Exercise ▸ From the first line to the last, copy the data exactly and drop the pictures.
━━━ Information shown ━━━
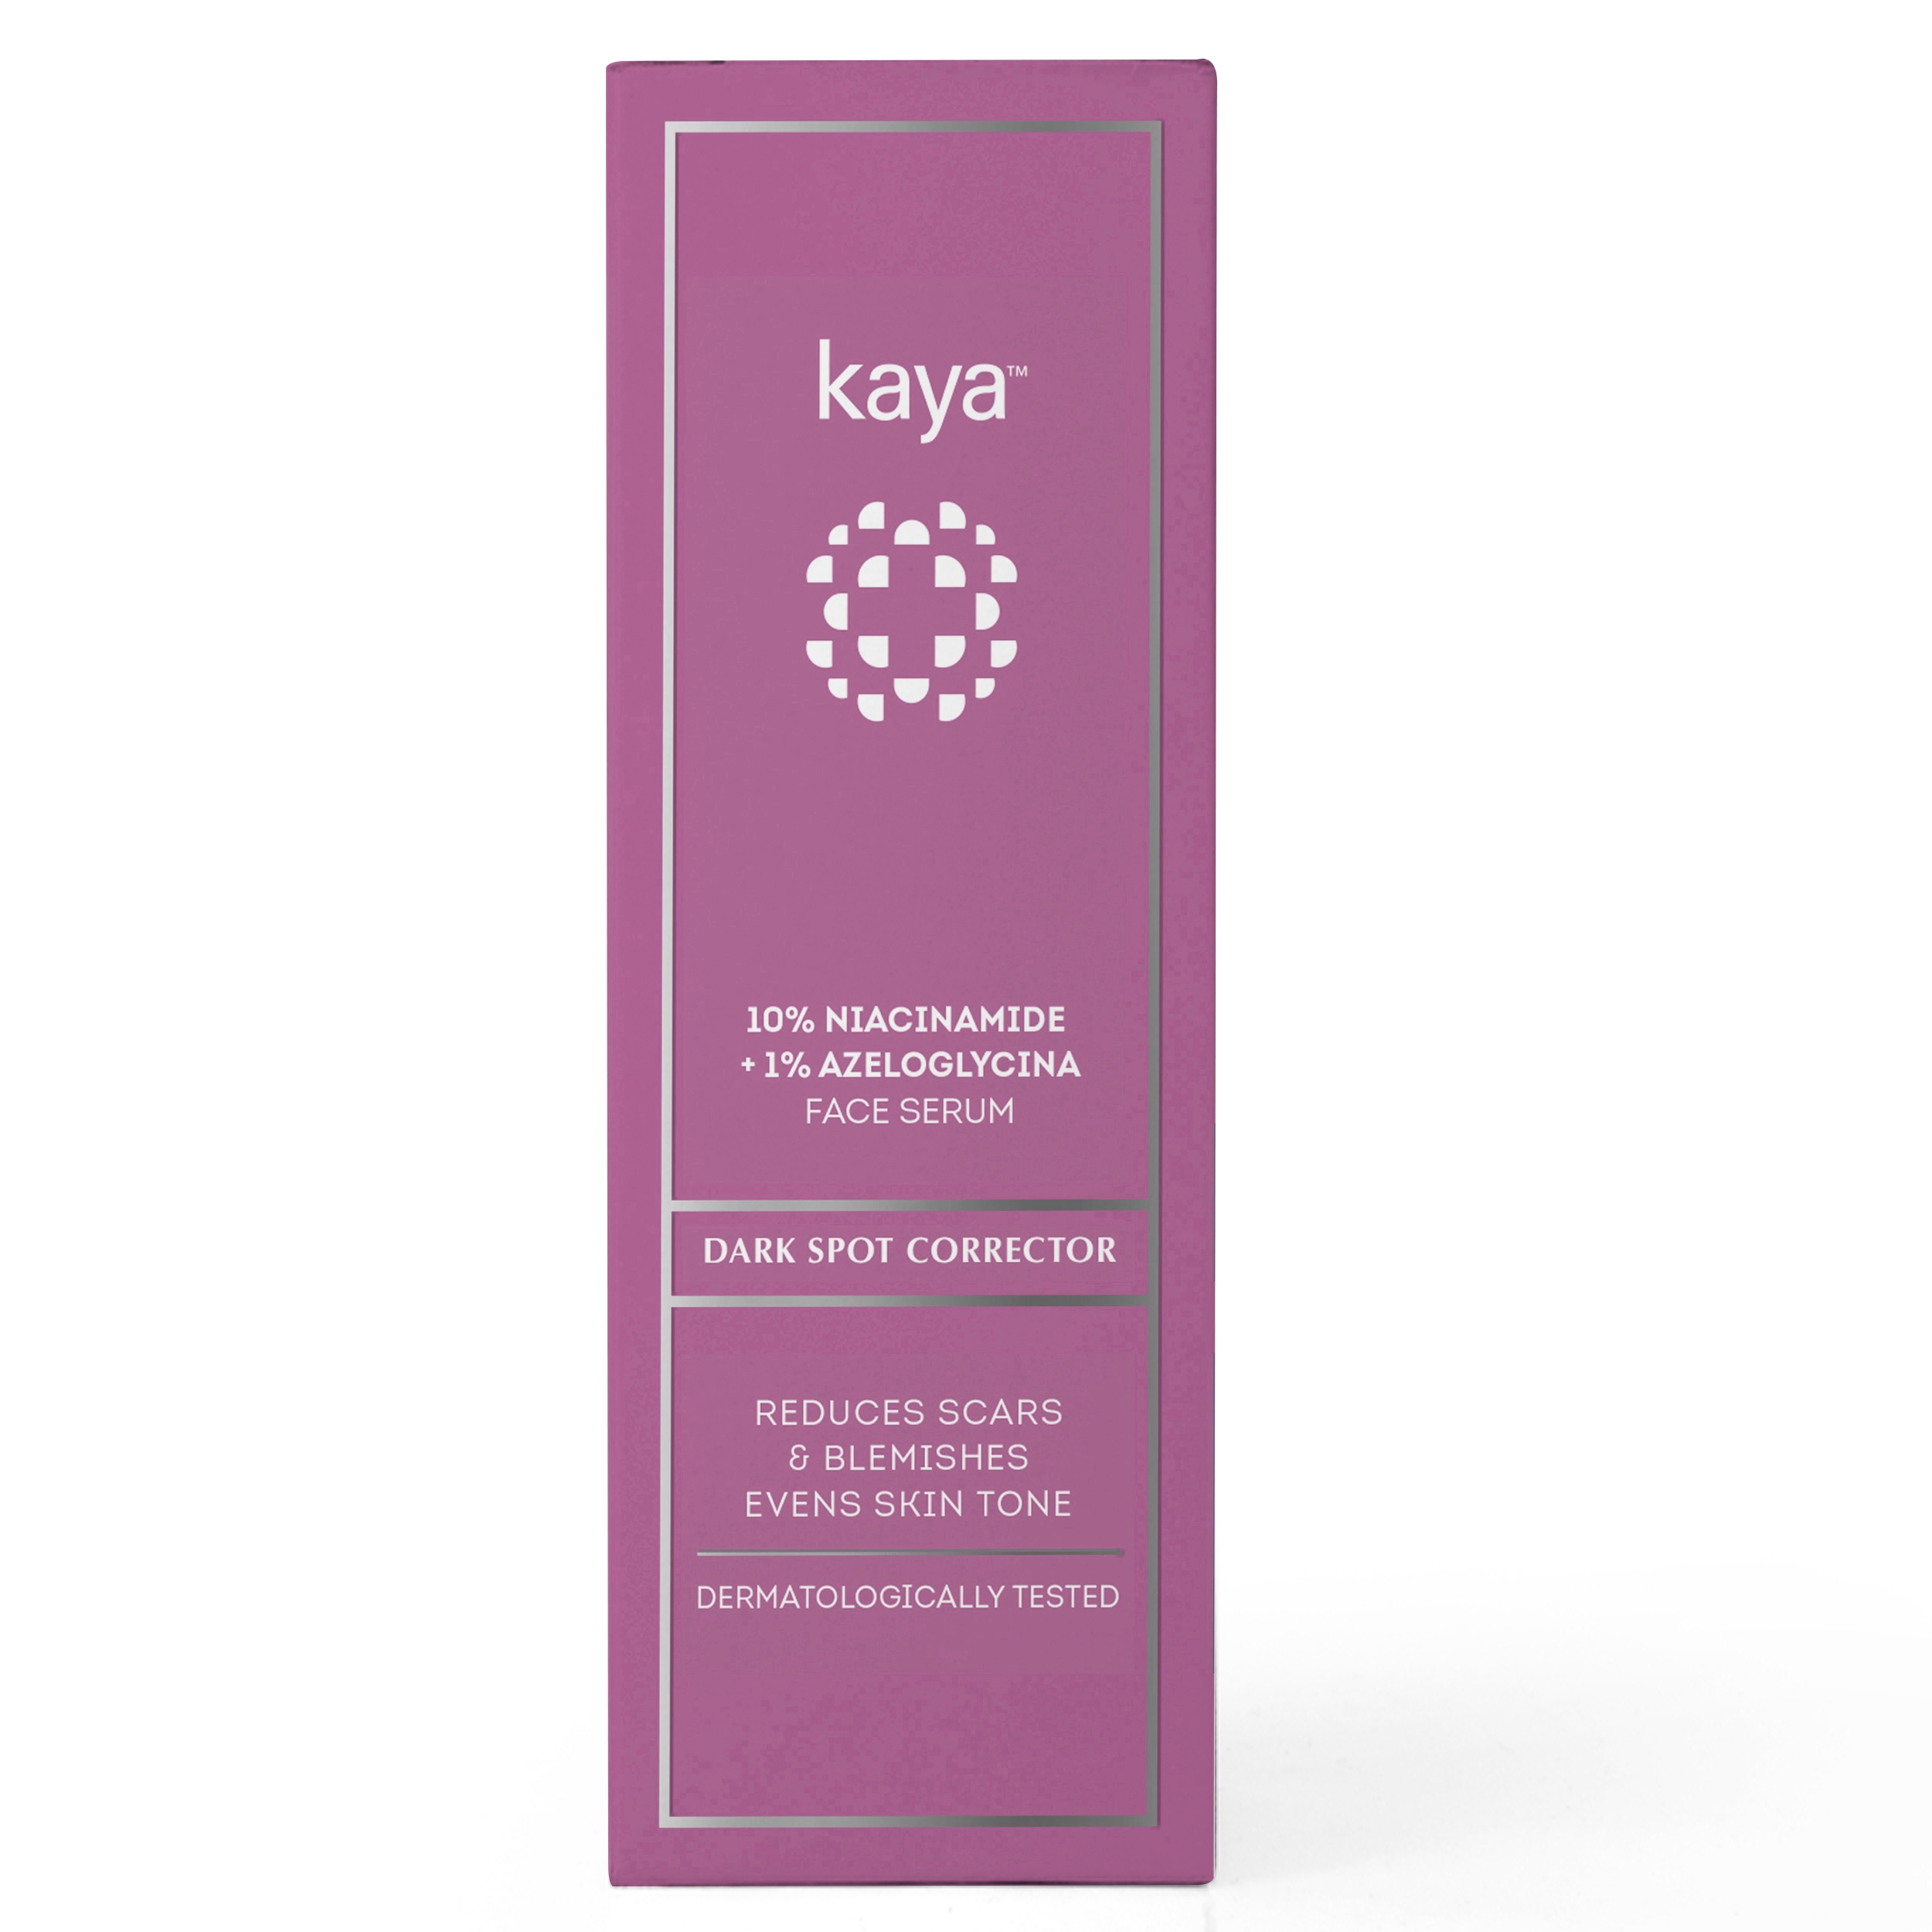 kaya Kaya 10% Niacinamide + 1% Azeloglycina Face Serum
Dark Spot Corrector
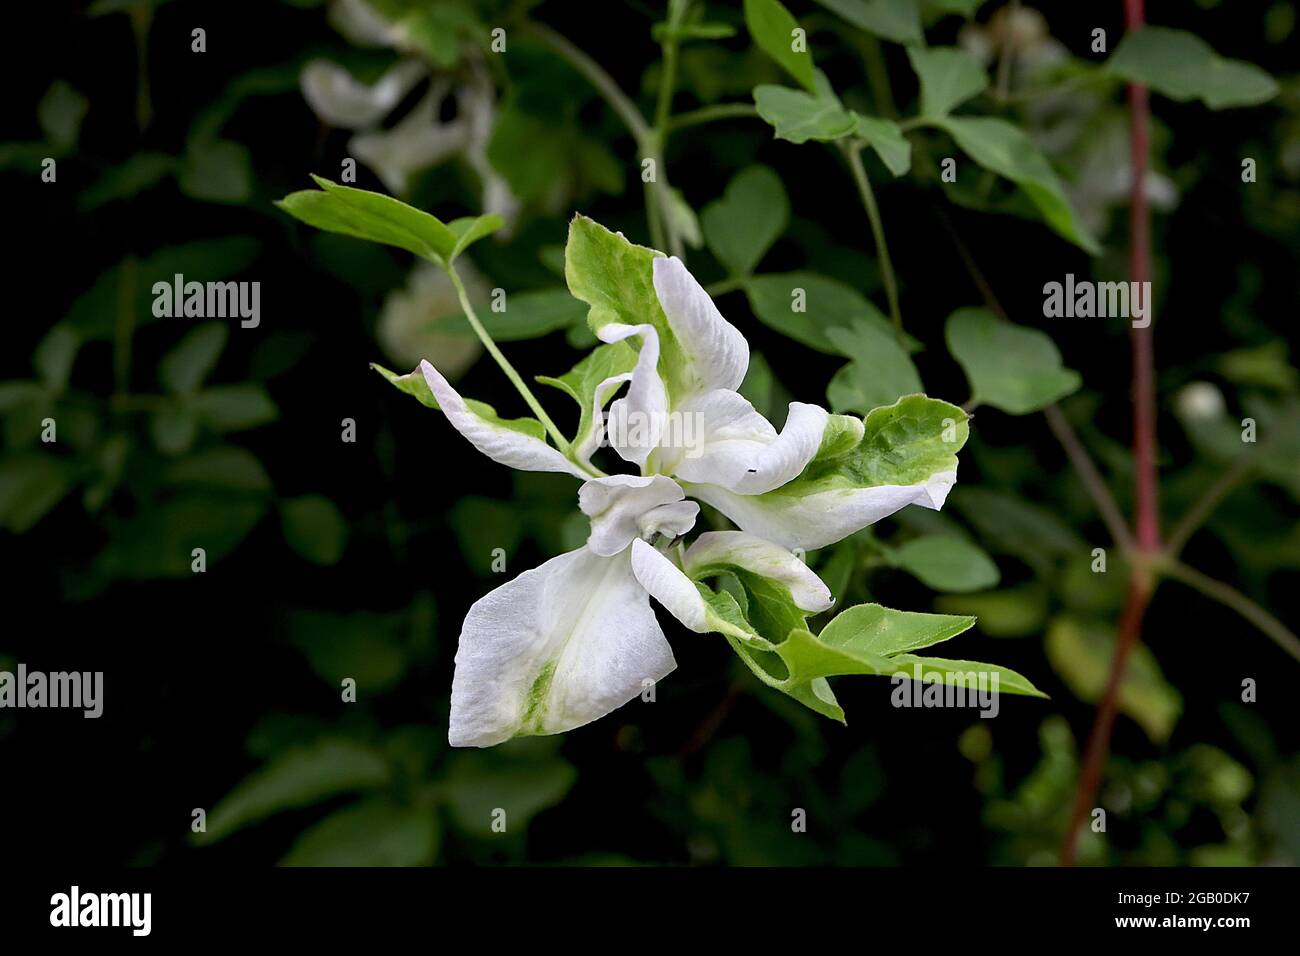 Clematis ‘Alba luxurians’ Clématis blanc aux pétales torsadés et aux touches vertes, juin, Angleterre, Royaume-Uni Banque D'Images
━━━
Solution to this exercise ▸
 kaya Kaya 10% Niacinamide + 1% Azeloglycina Face Serum
Dark Spot Corrector
 Clematis ‘Alba luxurians’ Clématis blanc aux pétales torsadés et aux touches vertes, juin, Angleterre, Royaume-Uni Banque D'Images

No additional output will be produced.